Assignment
Without the pictures, write the listing out again exactly as it appears.

Data provided
--------

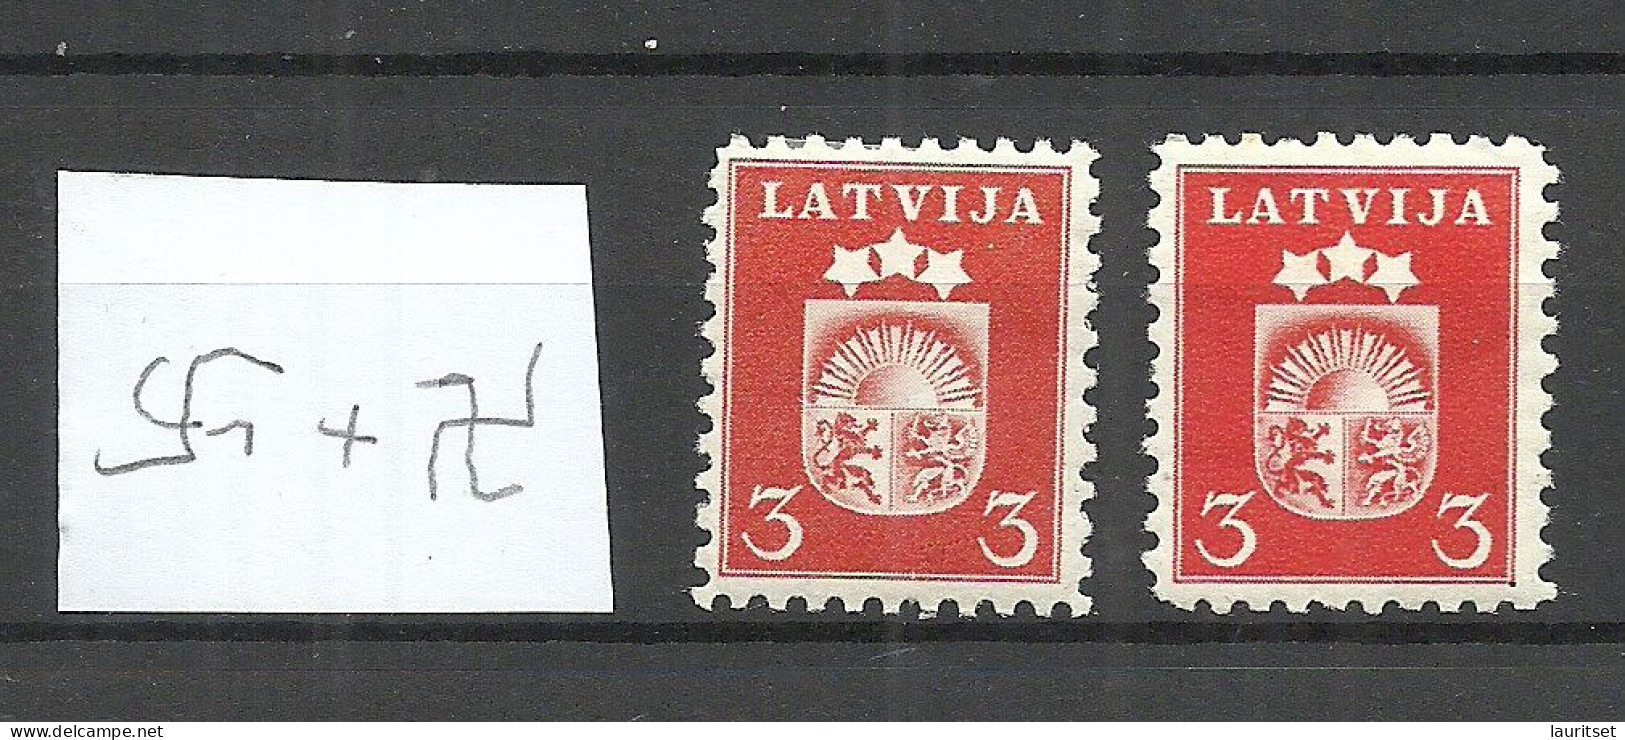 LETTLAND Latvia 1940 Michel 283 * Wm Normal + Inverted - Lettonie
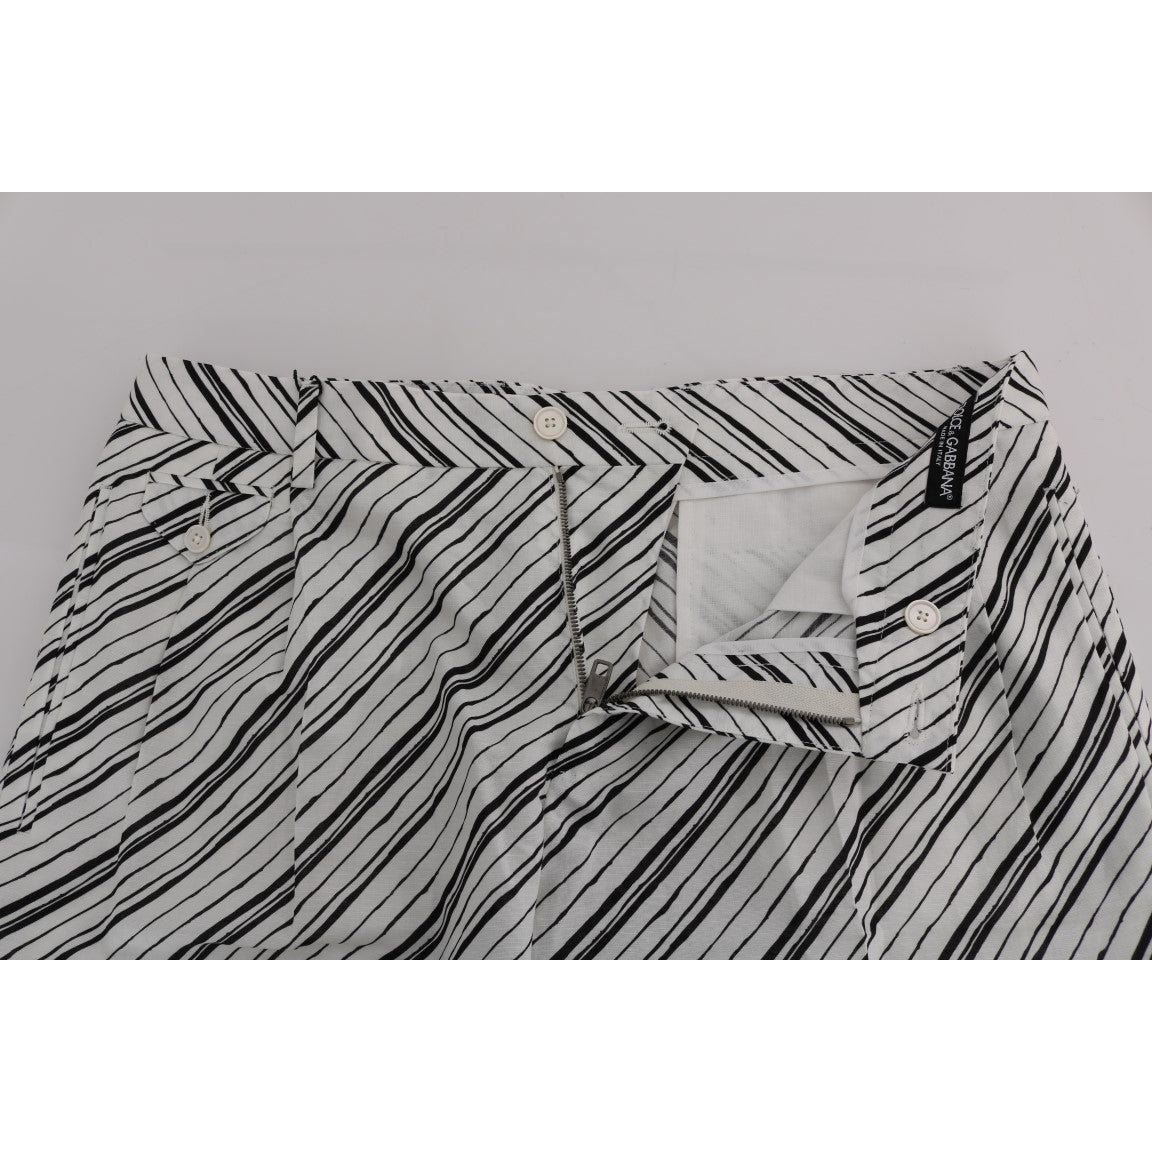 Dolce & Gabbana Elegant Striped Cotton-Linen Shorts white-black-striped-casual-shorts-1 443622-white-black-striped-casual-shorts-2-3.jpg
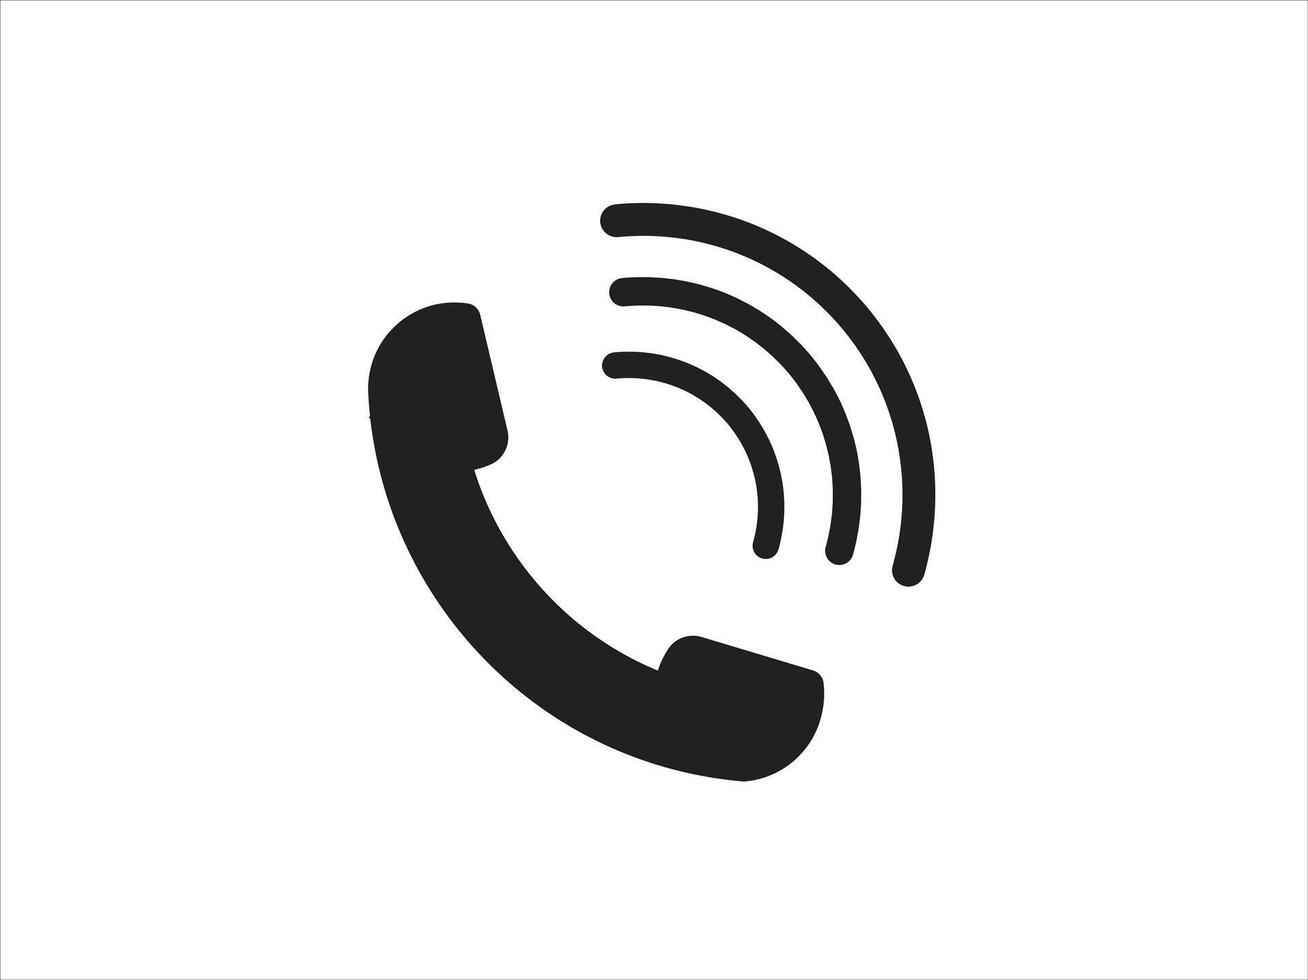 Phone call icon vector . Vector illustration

--------

Answer area
 LETTLAND Latvia 1940 Michel 283 * Wm Normal + Inverted - Lettonie
 Dolce & Gabbana Elegant Striped Cotton-Linen Shorts white-black-striped-casual-shorts-1 443622-white-black-striped-casual-shorts-2-3.jpg
 Phone call icon vector . Vector illustration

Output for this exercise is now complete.